Input data:
====

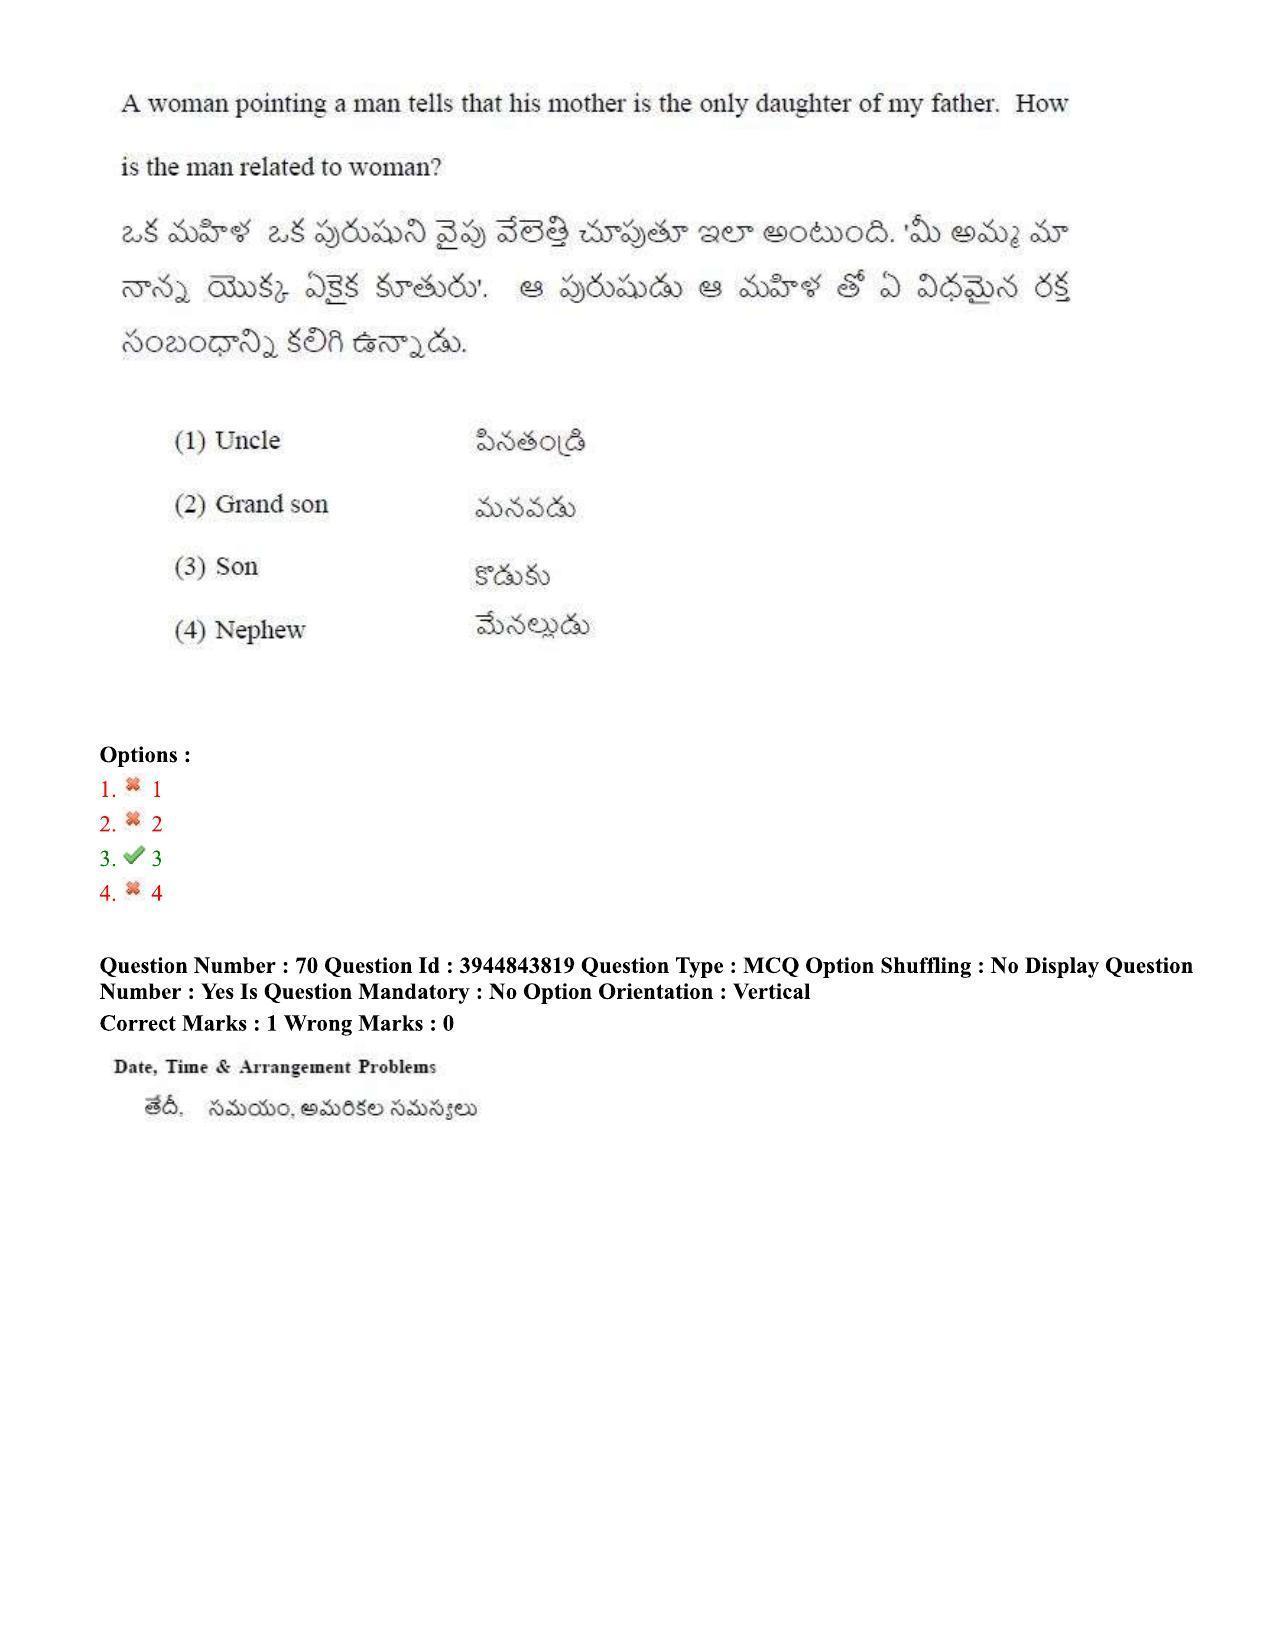 TS ICET 2020 Question Paper 1 - Oct 1, 2020	 - Page 52
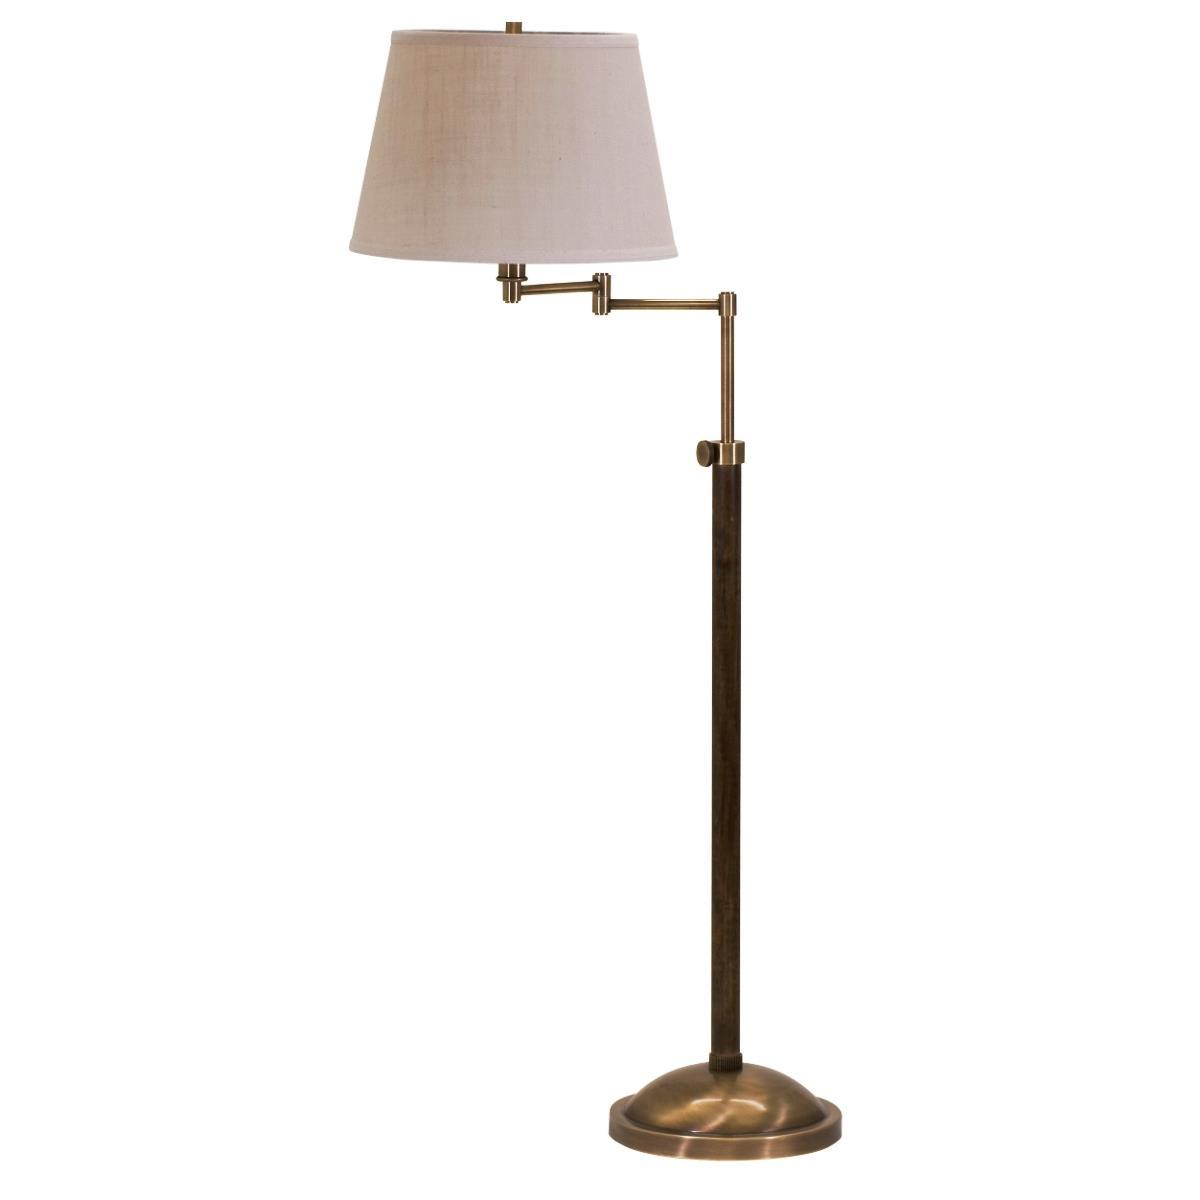 House Of Troy Richmond Collection R401 Ab Swing Arm Floor Lamp 11 Base 15 Wide Shade X 515 62 Maximum Overall Height X 12 Arm Extension throughout size 1200 X 1200
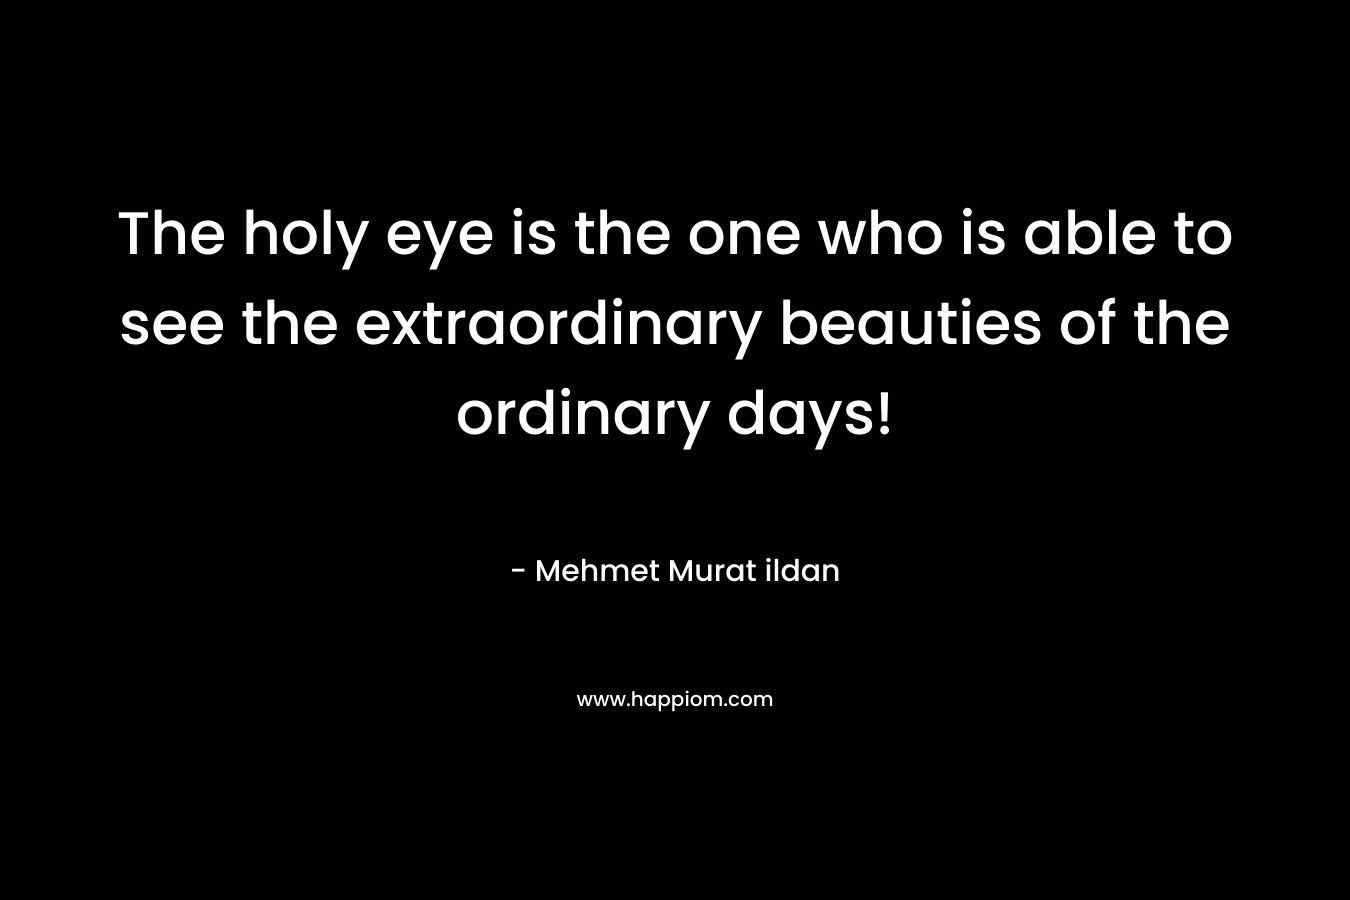 The holy eye is the one who is able to see the extraordinary beauties of the ordinary days! – Mehmet Murat ildan
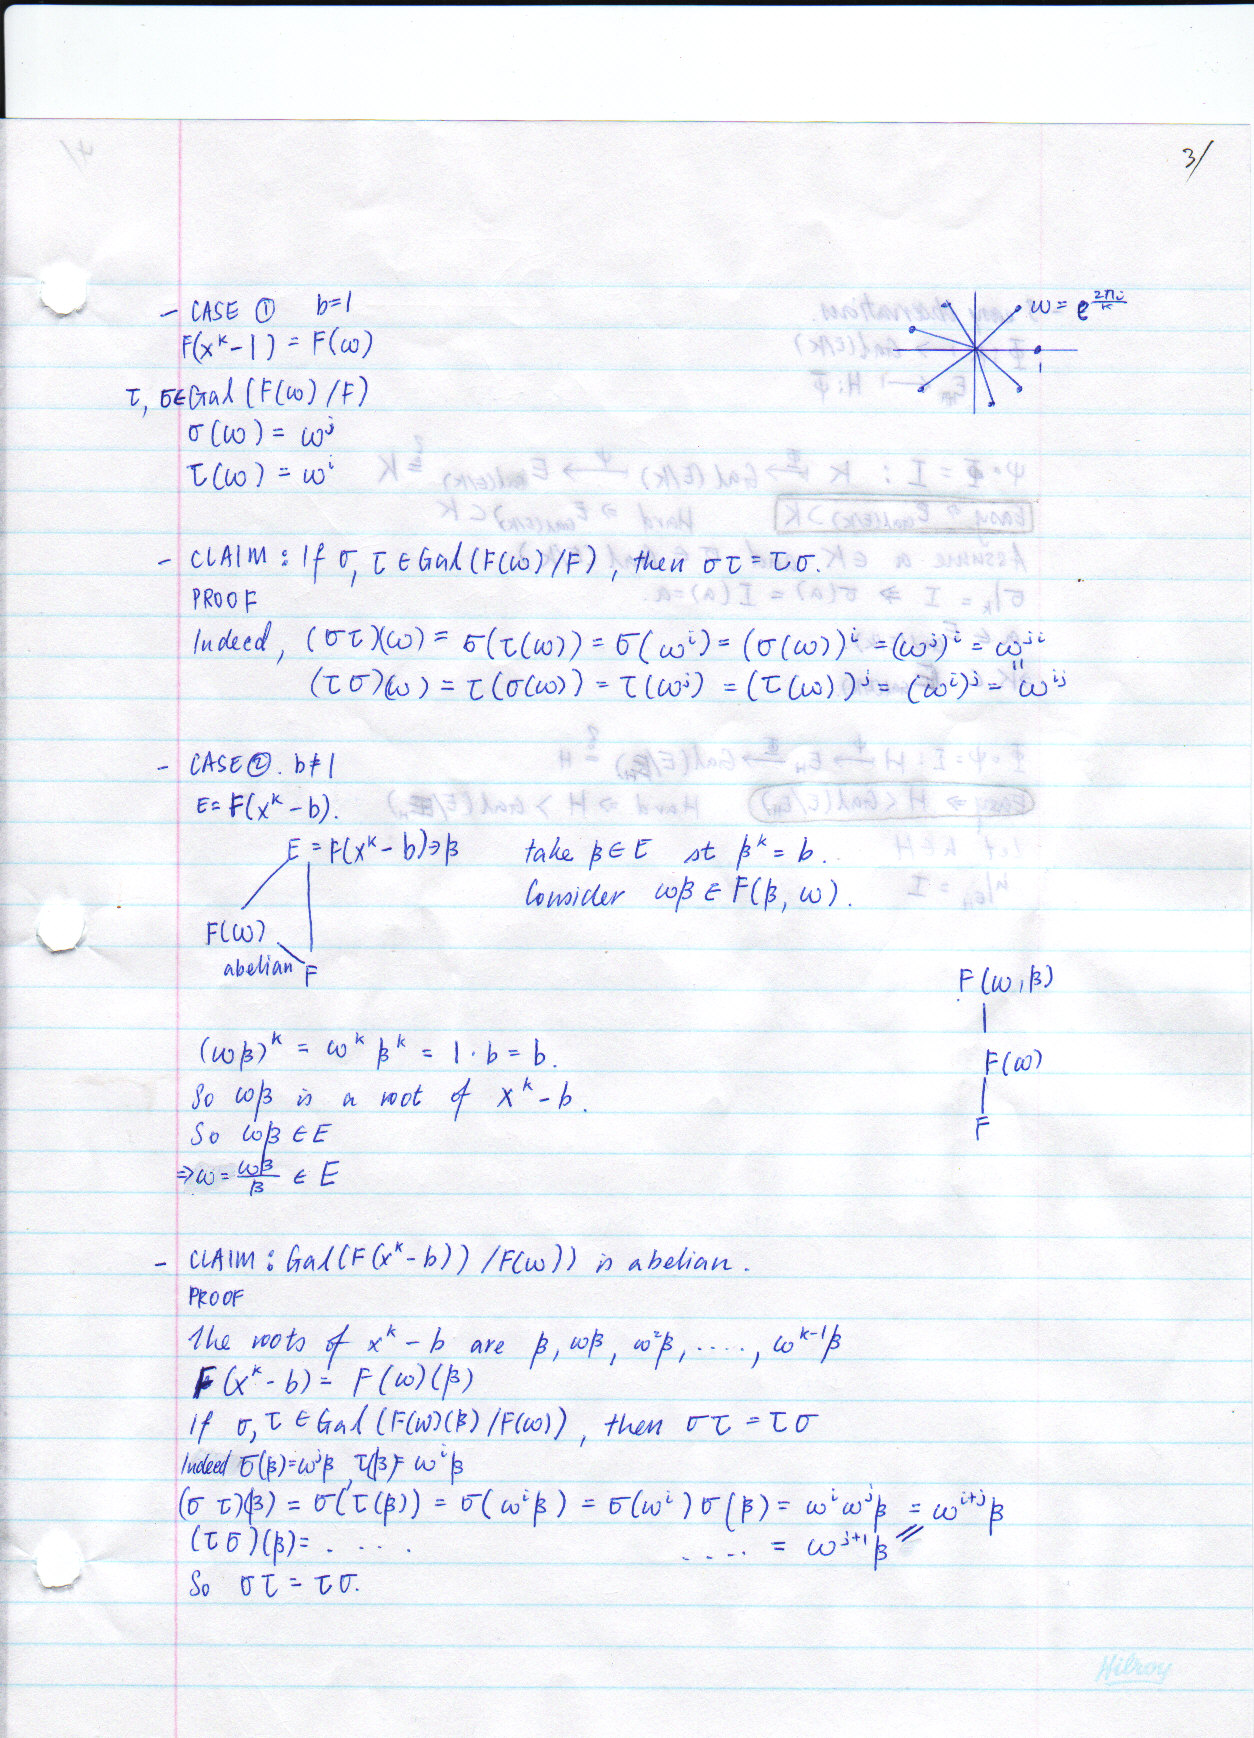 07-401 lecture 13 pg 3.jpg

====

How to complete this task:
Please extract exactly the lines of the data, from the first through the line containing "House Of Troy", and add no pictures to the copy.

Final answer:
 TS ICET 2020 Question Paper 1 - Oct 1, 2020	 - Page 52
 House Of Troy Richmond Collection R401 Ab Swing Arm Floor Lamp 11 Base 15 Wide Shade X 515 62 Maximum Overall Height X 12 Arm Extension throughout size 1200 X 1200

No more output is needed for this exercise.